И она принялась уговаривать своего партнера:

— Ты к ним несправедлив, Алваро. Ты просто их не знаешь. А я знаю. Муж моей сестры — журналист, и, уверяю тебя, он прекрасный человек. Кстати, он тоже там, внизу. Идем же, я вас познакомлю!

— Что? — взревел Алваро Диас. — Знакомиться с журналистом? Никогда!

Он вскочил. Его глаза сверкали яростью.

Лус перепугалась:

— Извини, если я тебя чем-то обидела. Но я не понимаю, в чем дело.

Диас виновато взял ее руку в свою и поцеловал:

— Это ты меня извини, Лусита. Я погорячился. Но, понимаешь, я поклялся никогда в жизни не иметь дела с газетчиками. Поверь, у меня есть на это свои причины. Так что не сердись, иди одна.

Лус пожала плечами и вышла из гримуборной.

Все микрофоны были включены, журналистские блокноты приготовлены.

Все ждали начала конференции. Однако, ее открытие затягивали, потому что не было главных виновников торжества Тристана и Изольды, Луситы Линарес и Алваро Диаса. 

Но вот Лус вошла, и аудитория сразу притихла. И неудивительно: подавляющее большинство репортеров были мужчины, а на них появление Лус всегда действовало как шок. Тем более что сегодня она была явно в ударе.

«Умница, Лусита! Так держать — внутренне зааплодировал Жан-Пьер.

Он с сочувствующей улыбкой покосился на тех немногих женщин-журналисток, ‘которые присутствовали сейчас в фойе Венской оперы. Это были типичные так называемые «деловые женщины», которые привыкли носить короткие стрижки и неопределенного цвета брюки, пригодные как дли культурных мероприятий вроде сегодняшнего, так и для поездок по сельской местности.

Обычно такие женщины гордятся своим мужеподобием, своей эмансипированностью и независимостью. Но сейчас они присмирели и втянули головы в плечи. Лус подавила их своим женским великолепием. Это был образец, у нее хотелось поучиться женственности. Каждой из присутствующих захотелось потихонечку раскрыть сумочку, достать помаду и хотя бы слегка подкрасить губы.

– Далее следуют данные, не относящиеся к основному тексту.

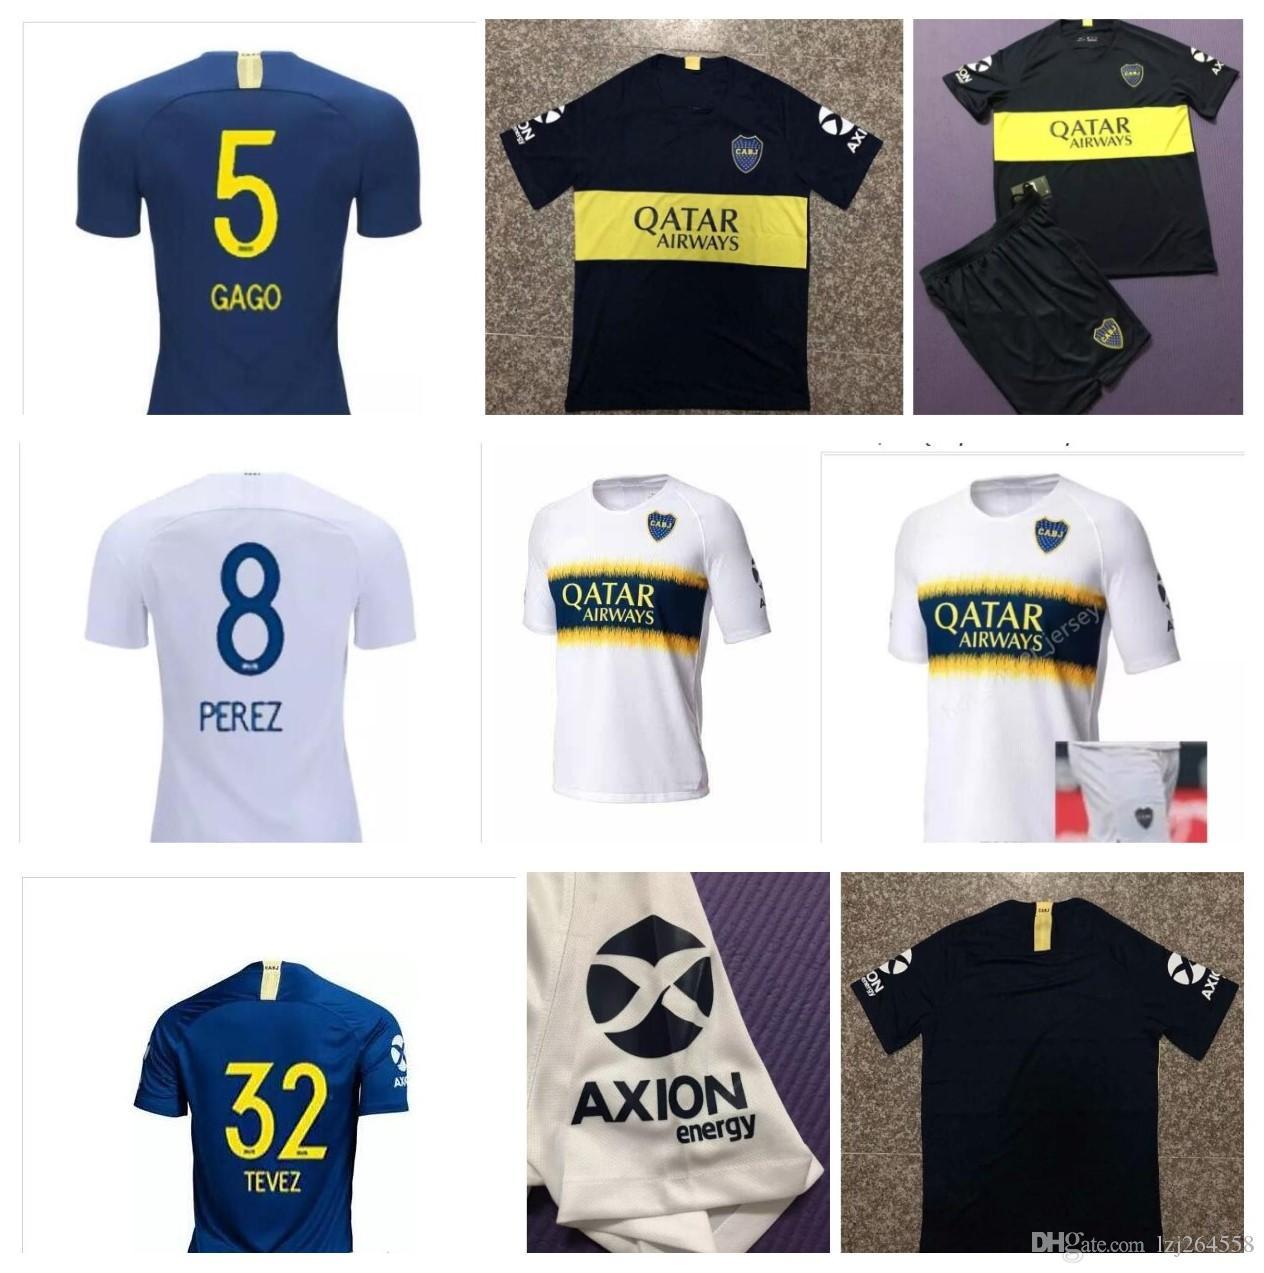 New 2018 Camisa Boca Juniors Jersey 2019 Soccer Jerseys Chandal Football  Shirt GAGO OSVALDO Uniforms Camisetas De Futebol TOP TEVEZ Custom UK 2019  From ... dd6d40cefb2fd
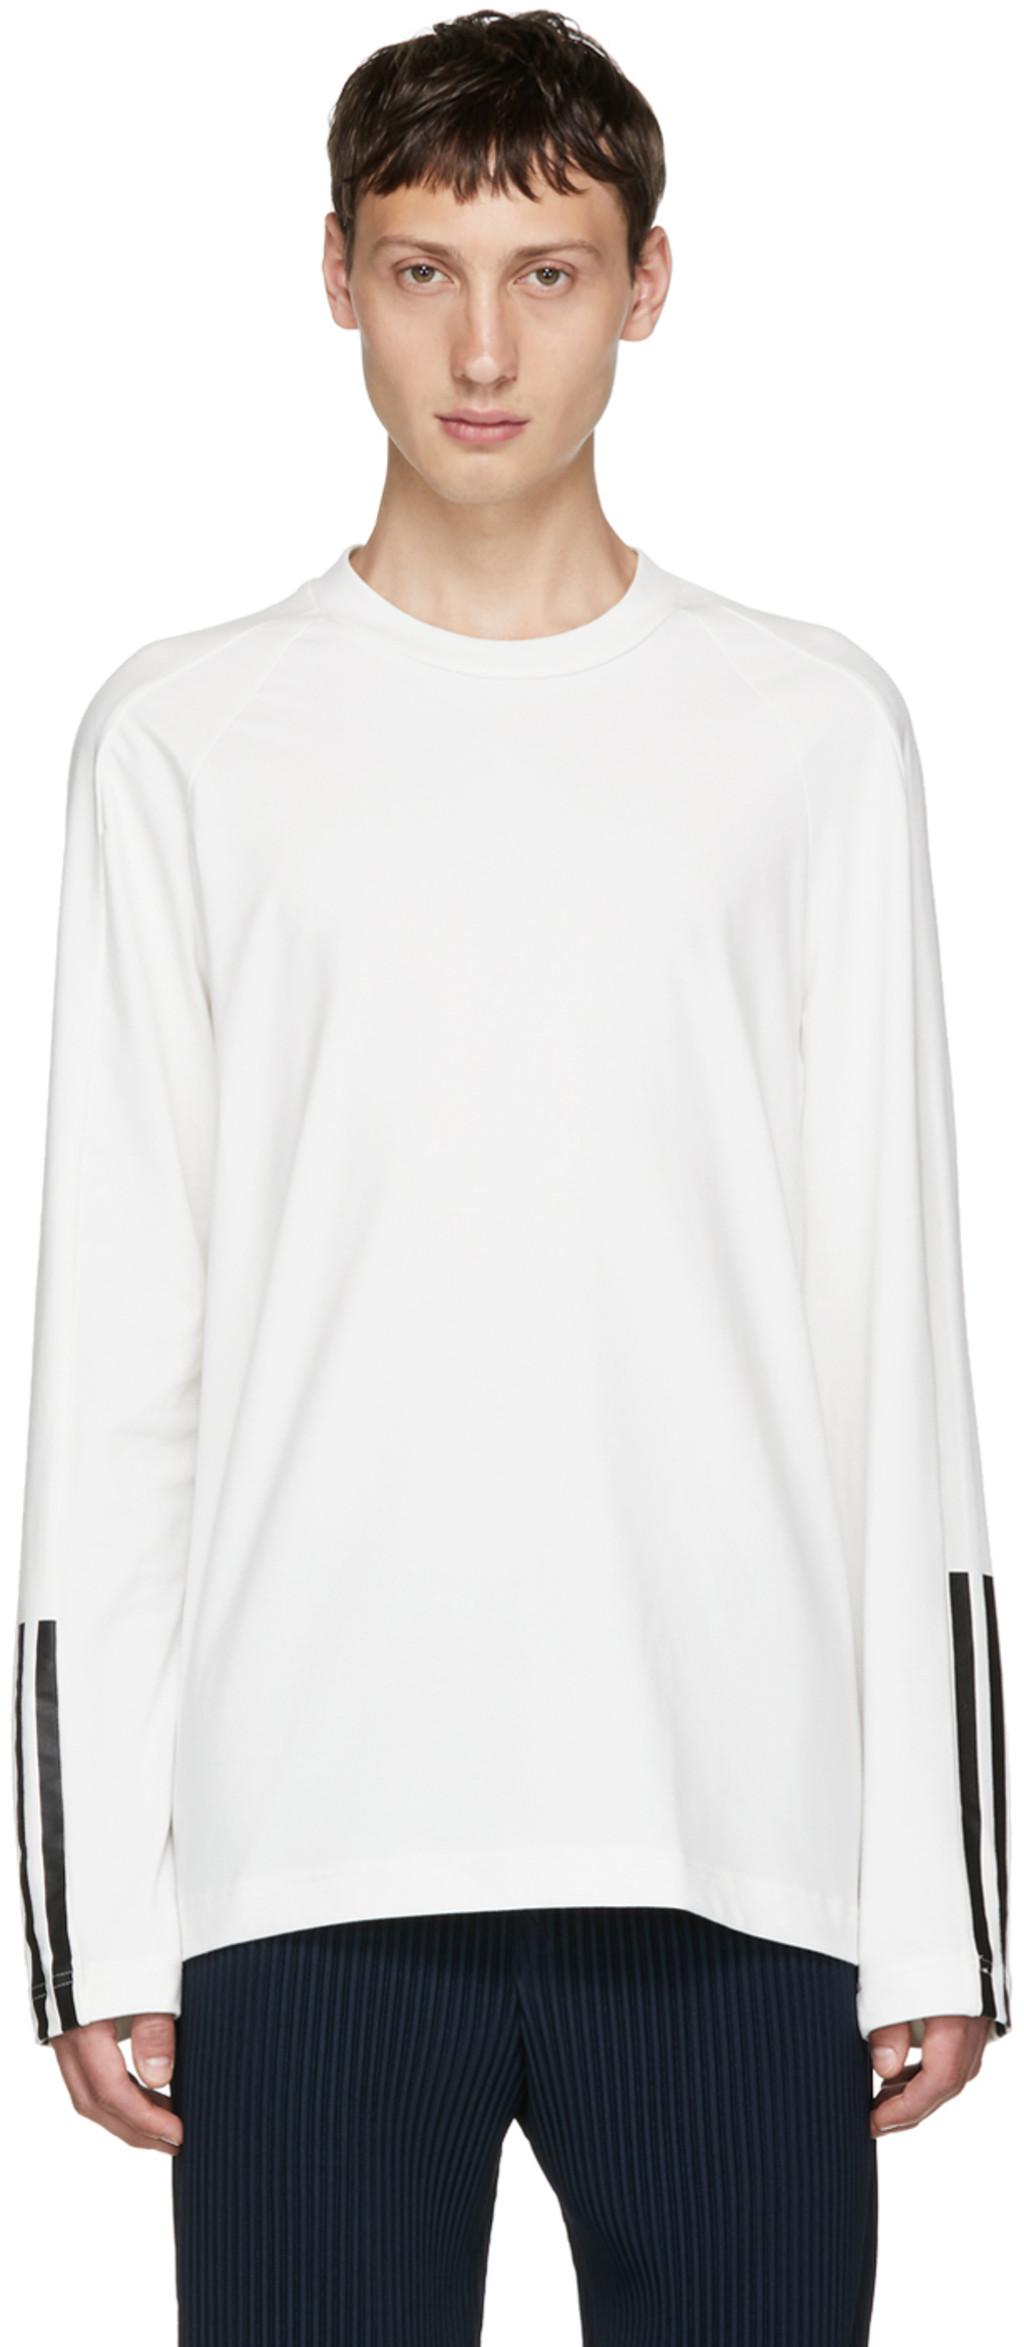 Outlet Best Very Cheap Online Indigo James Harden Satin T-Shirt Yohji Yamamoto Discount New Styles iDsPtm

Место Алваро Диаса пустовало.

Лус наклонилась и через переводчика передала что-то распорядителю. Тот выслушал, понимающе кивнул, и пресс-конференция началась.

Первым слово взял генеральный директор Фестиваля пяти континентов господин Георг Хартингер.

Прокашлявшись, он торжественно произнес вступительную речь:

— Наши уважаемые гости, представители разных рас и разных культур, доказали, что прекрасное — прекрасно для всех. Красота и талант ценности не узконациональные, а общечеловеческие.

Все встали и аплодировали стоя.

Посыпались вопросы. Первым задал свой вопрос корреспондент «Нойес дойчладн»:

— Скажите, господин Хартингер, значит, вы намеренно пригласили на роль Тристана темнокожего актера?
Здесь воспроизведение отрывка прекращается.